Сольферино . – В битве у Сольферино (24 июня 1859 г.) в ходе австро‑итало‑французской войны Австрия потерпела поражение от объединенной франко‑сардинской армии.

«Прохазка» – чешское прозвище императора Франца‑Иосифа I. В 1907 г., во время посещения императором Праги, в газетах была помещена фотография императора на мосту с подписью «Прохазка на мосту», то есть «Прогулка на мосту». Прохазка – распространенная чешская фамилия. Сараево  – город в Боснии, где 28 июня 1914 г. членом сербской националистической организации Гаврилой Принципом был убит наследник австрийского престола Франц‑Фердинанд д’Эсте, что послужило непосредственным поводом к первой мировой воине. Вильгельм . – Речь идет о германском императоре Вильгельме II (1859–1941). Градец Кралове . – В 1866 г. здесь во время австро‑прусской воины Австрия потерпела поражение. Доктор Грош – тогдашний приматор (бургомистр) Праги. Музей  – Национальный музей на Вацлаве кой площади.

Комиссар Клима  – чиновник австрийской тайной полиции, с которым Гашек неоднократно сталкивался. Клима продолжал служить в полиции и при Чехословацкой буржуазной республике.

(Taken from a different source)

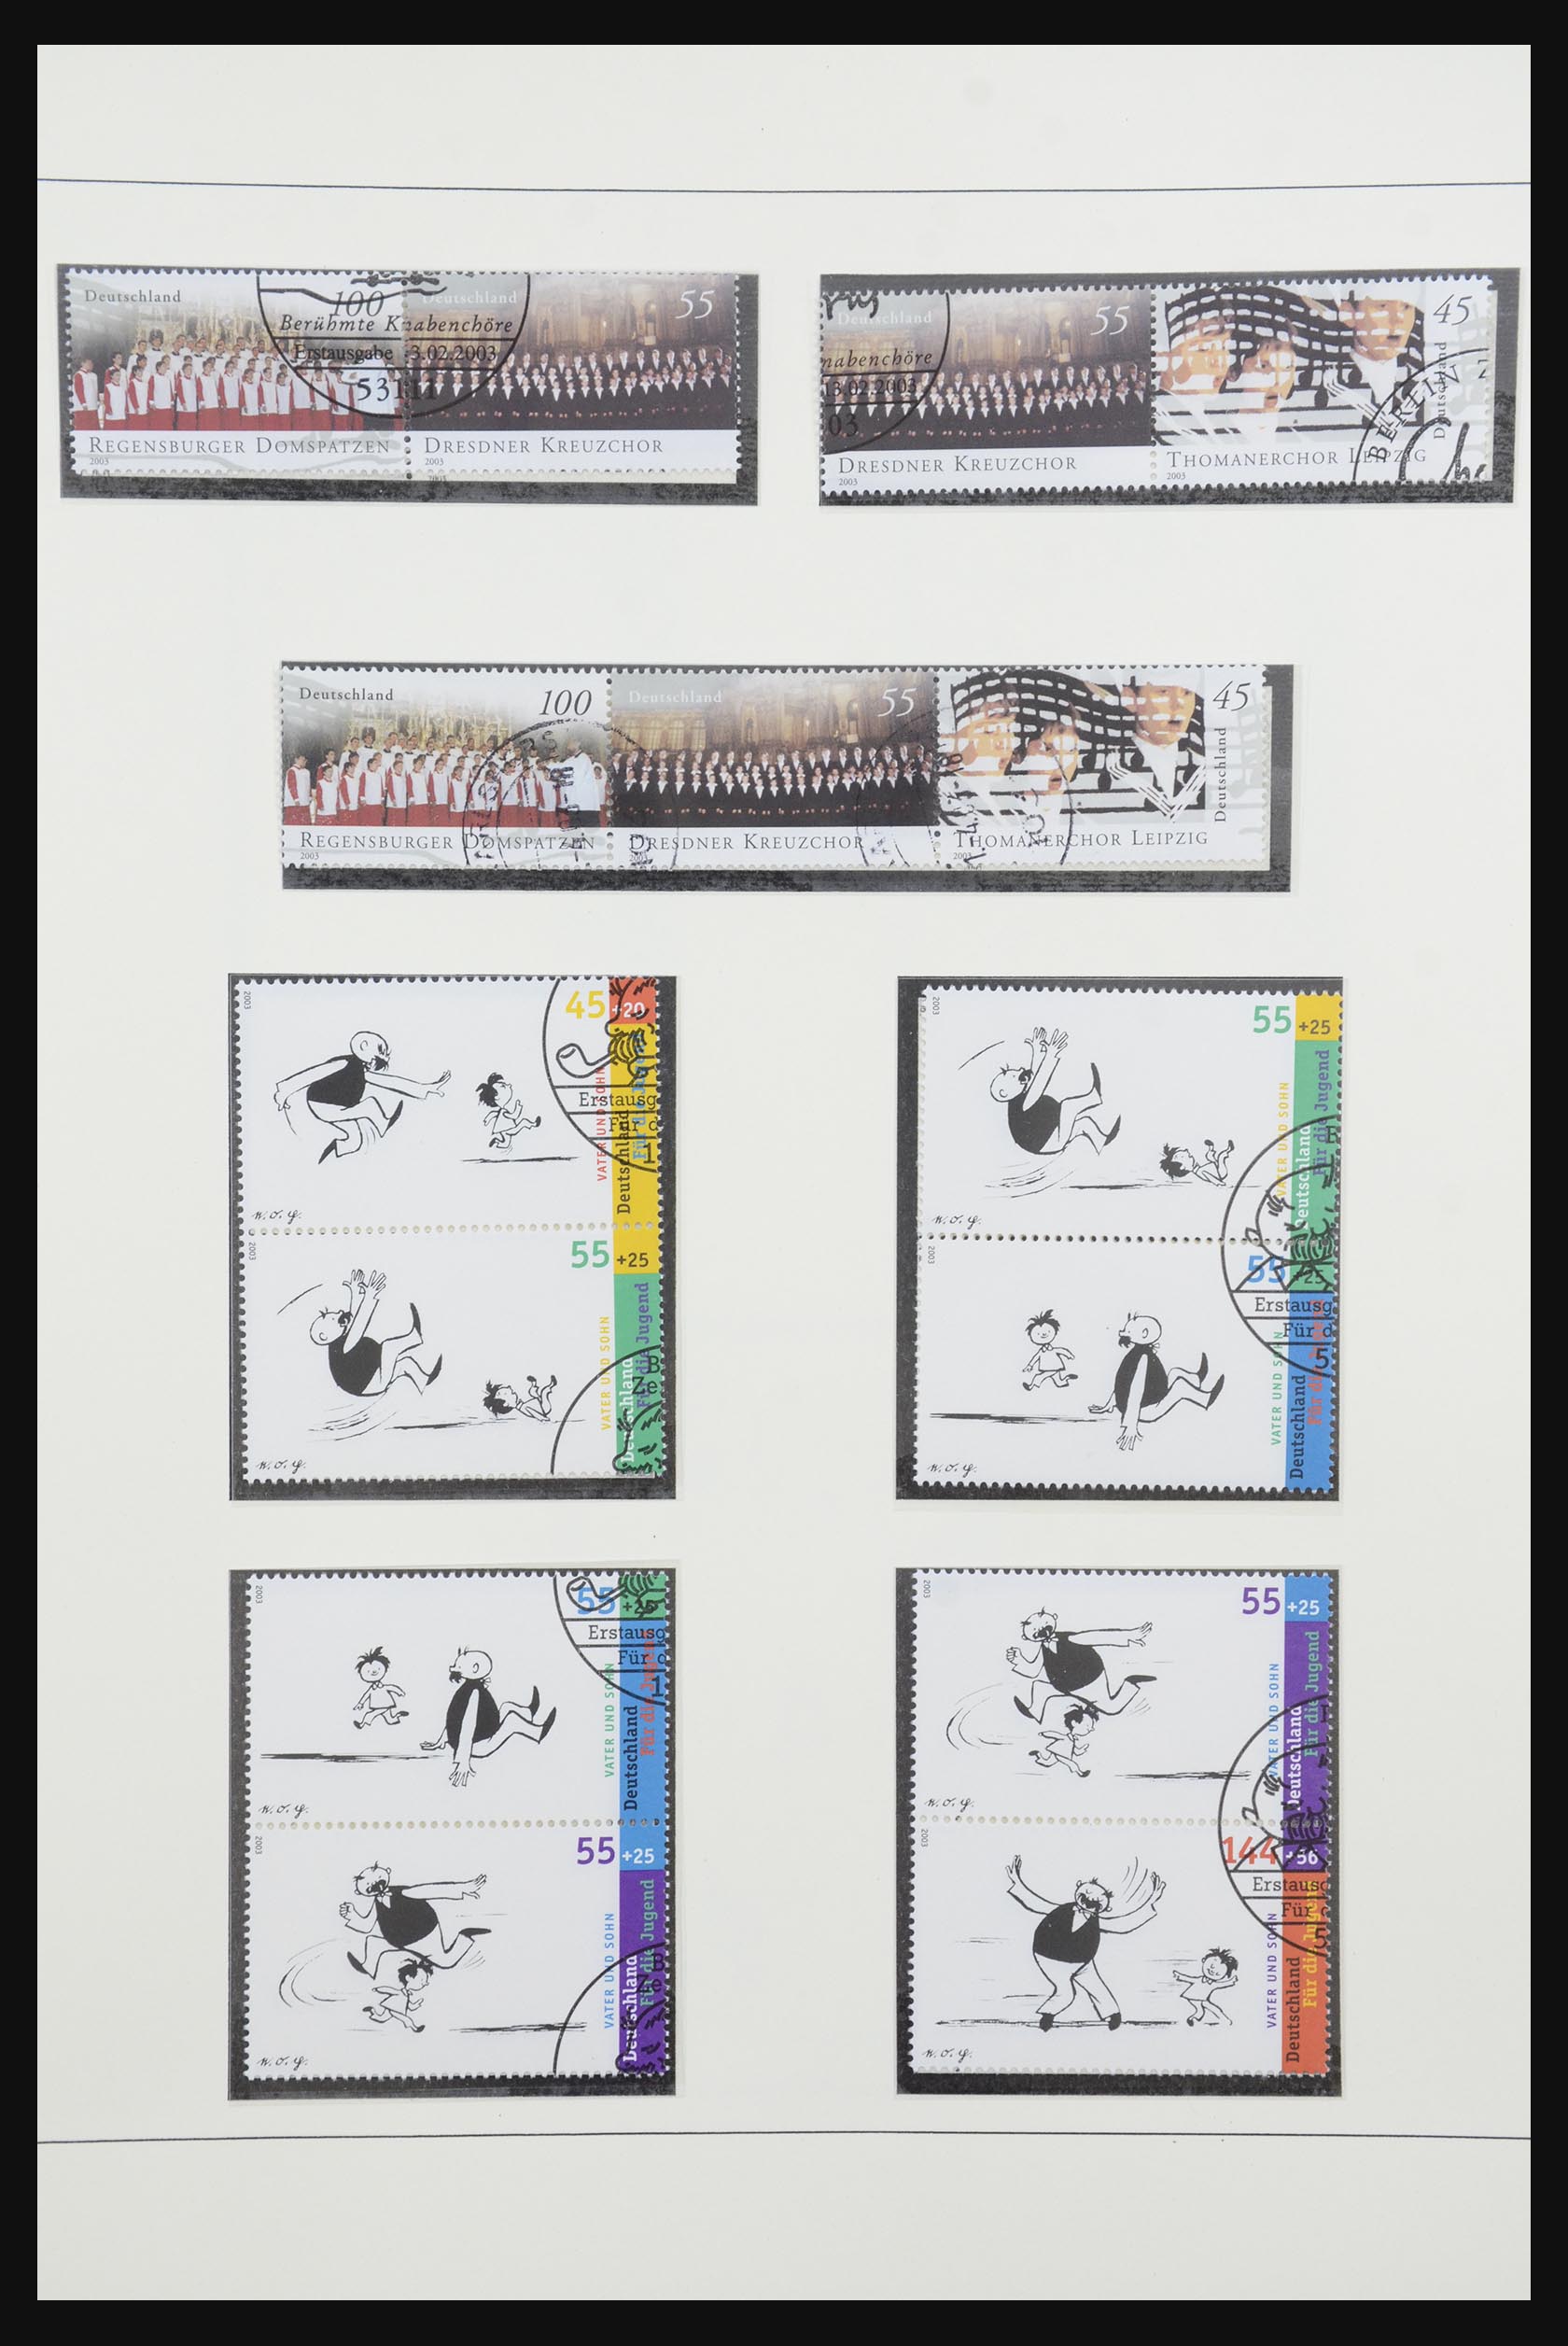 31842 084 - 31842 Bundespost combinations 1951-2003.

«Гей, славяне!» – патриотическая песня, написанная словацким поэтом Само Томашиком в 1834 г.; стала своеобразным славянским гимном.

«Прагер Тагеблатт » – буржуазная газета, выходившая в Праге на немецком языке; основана в 1876 г.

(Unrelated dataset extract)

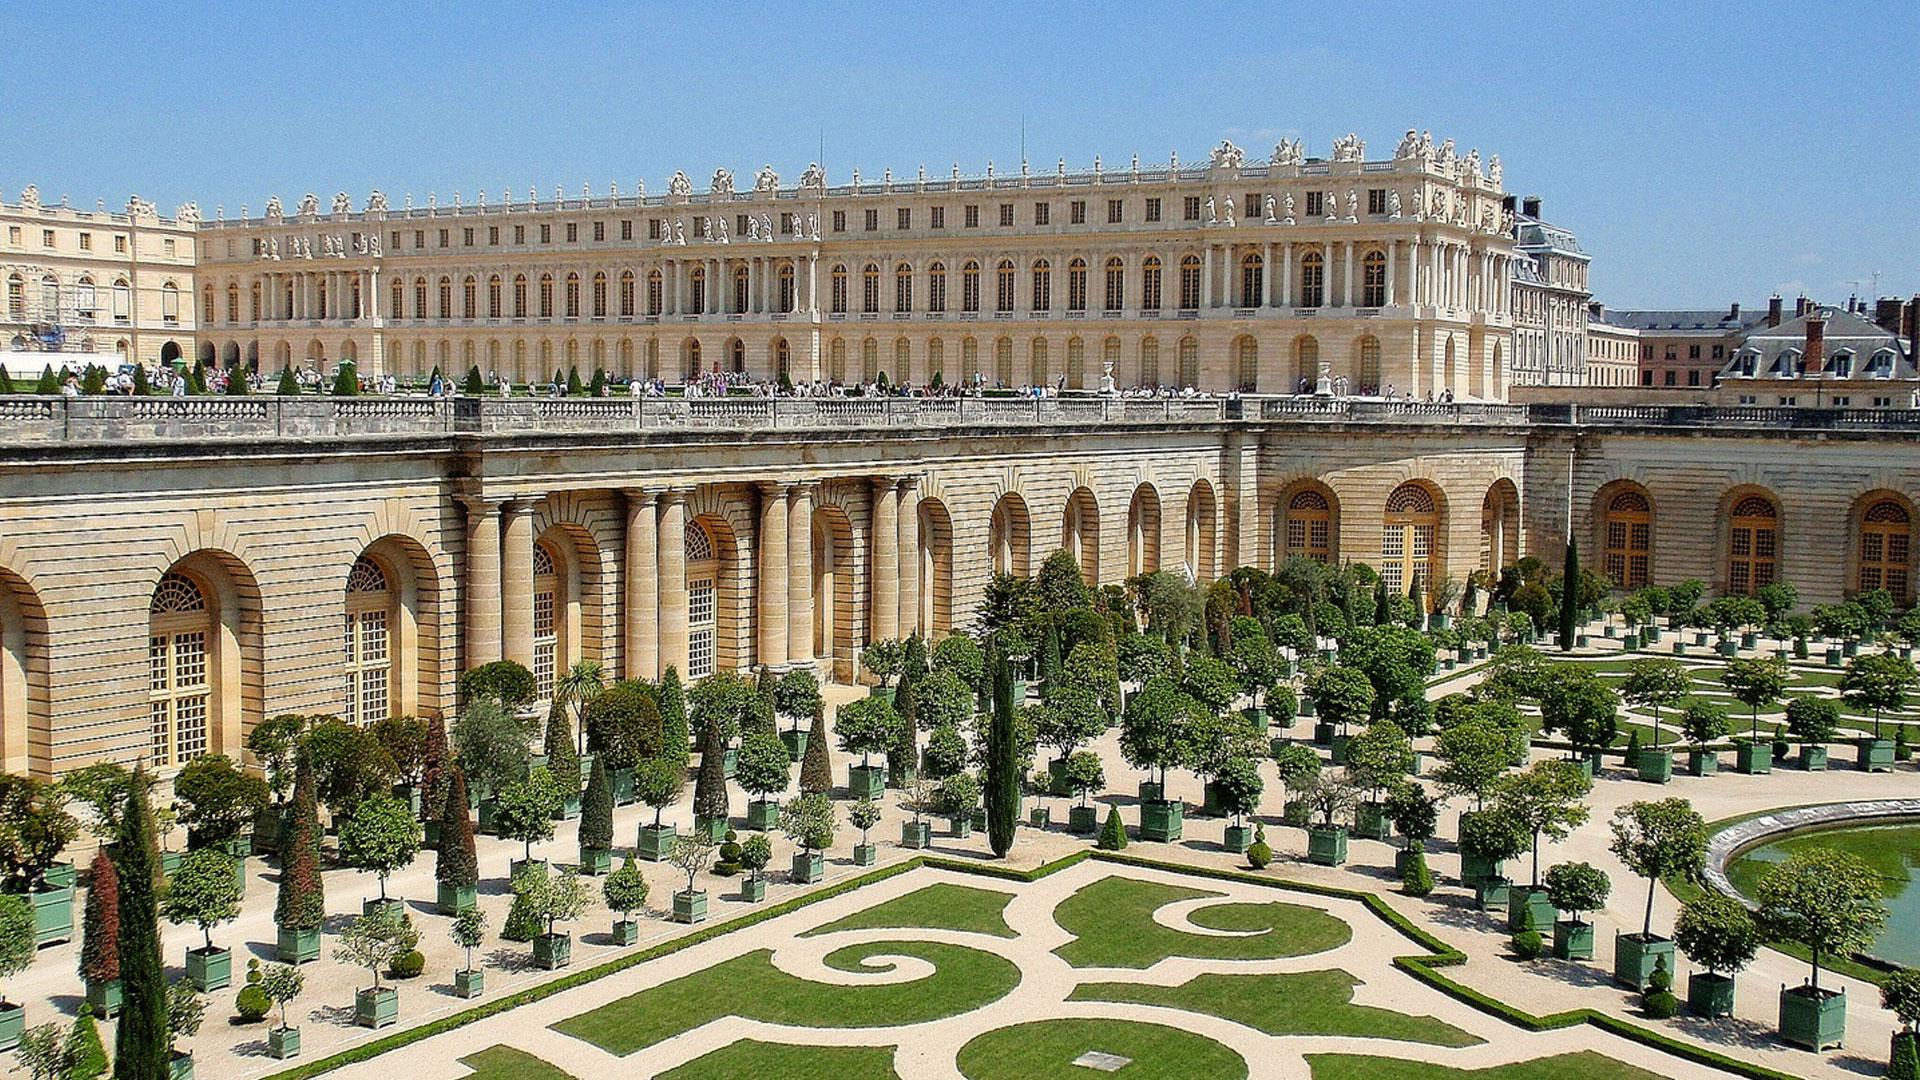 Chateau de versailles. Версальский дворец Версаль Франция. Парковый ансамбль Версаля во Франции. Королевский дворец и парк в Версале. Королевская резиденция Версаль.

Карел Гавлинек‑Боровский  (1821–1856) – крупнейший чешский сатирик XIX в.; боролся против австрийского абсолютизма, бюрократии и клерикализма.

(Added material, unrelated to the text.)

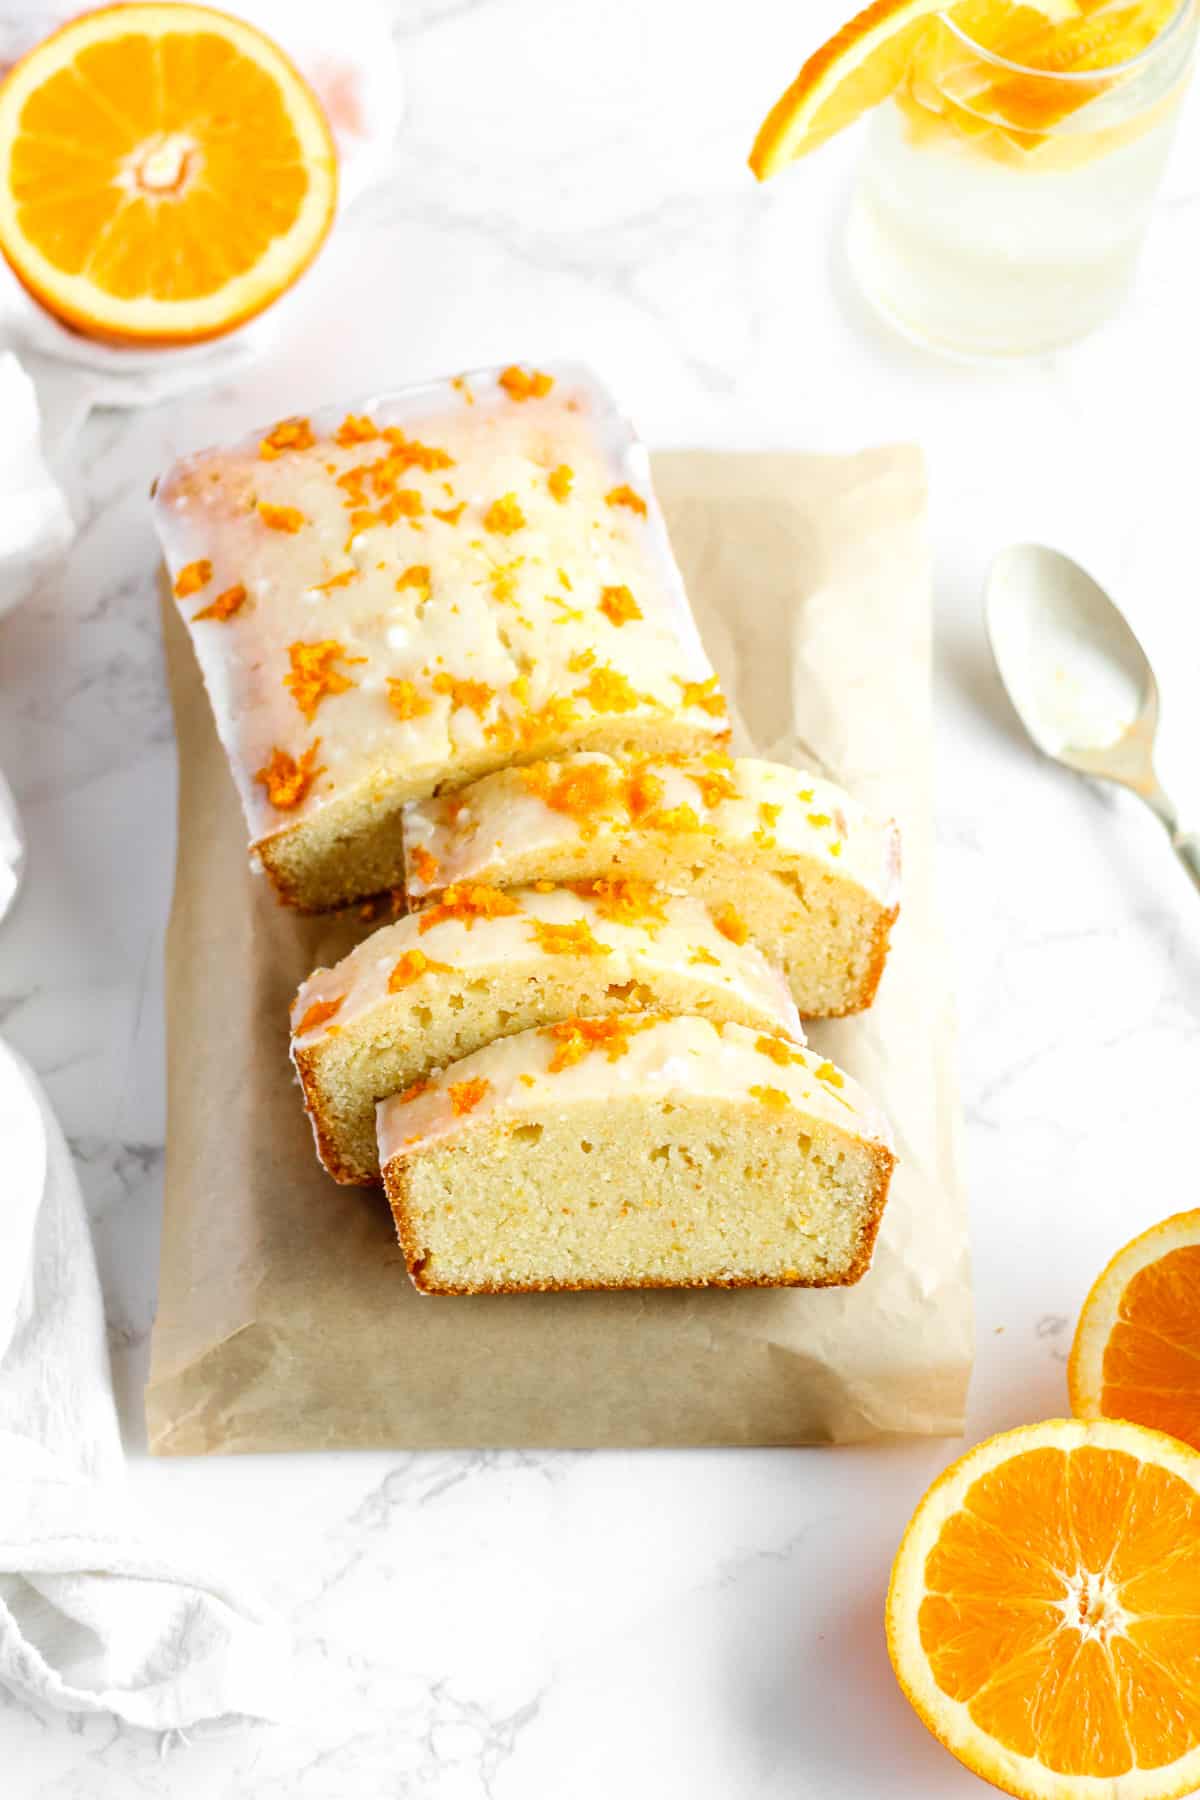 Sliced orange loaf cake with citrus glaze.

«Омладина » – в начале 90‑х годов XIX в. всеобщее недовольство пронемецкой политикой австрийского правительства в Чехии вызвало к жизни движение так называемых «прогрессистов» (в основном – интеллигенция, студенчество, часть рабочей молодежи). Созданные ими в ряде городов организации – «Омладины» – объединялись вокруг одноименного журнала. В 1894 г. движение «омладинцев» было разгромлено. …Триста лет… страданий  – то есть после Белогорской битвы 1620 г., когда власть в Чехии захватили Габсбурги.

«Суд военный  – с ним не шутят» – строка из поэмы К. Гавличка «Крещение св. Владимира» (1854).

Ефрейтор… и собой‑то не свободен был распоряжаться, несмотря на название . – По‑немецки «Gefreiter» – освобожденный, свободный.

«Сокол»  – спортивно‑патриотическая организация, основанная М. Тыршем в 1862 г.

Русин . – Так называли жителей Карпат, украинцев.

«Стража на Рейне » и «Несется клич » – немецкие националистические песни.

Движение флагеллантов («бичующихся») – движение средневековых фанатиков. XIII–XIV вв., занимавшихся самобичеванием в знак покаяния и искупления грехов.

Тегетгоф  (1827–1871) – австрийский адмирал, участник австро‑итальянской войны 1866 г.

Гинденбург  Пауль (1847–1934) – германский фельдмаршал, монархист и реакционер, командующий немецкой армией в годы первой мировой войны, с 1925 по 1934 г. – президент Германии.

Кочий  Бедржих – известный чешский издатель.

Он был второй Тит…  – Имеется в виду римский император Тит Флавий Веспасиан (39–81).

Транслейтания и Цислейтания . – На основе так называемого «австро‑венгерского компромисса» 1867 г. Австрия была преобразована в двуединое государство – Австро‑Венгрию. Раздел между двумя частями империи проходил по реке Лейте. Цислейтания – Австрия с Чехией, Моравией, Галицией и Буковиной; Транслейтания – Венгрия со Словакией, Хорватией и Трансильванией.

Капитан Сагнер  – реальное лицо, командир «маршевого батальона» девяносто первого пехотного полка, в котором служил Гашек.

Поручик Лукас  (Лукаш) – реальное лицо; Гашек находился в армии в его непосредственном подчинении.

в часть наших добровольцев . – Имеются в виду чехословацкие воинские части, существовавшие в это время на территории России (см. также преамбулу).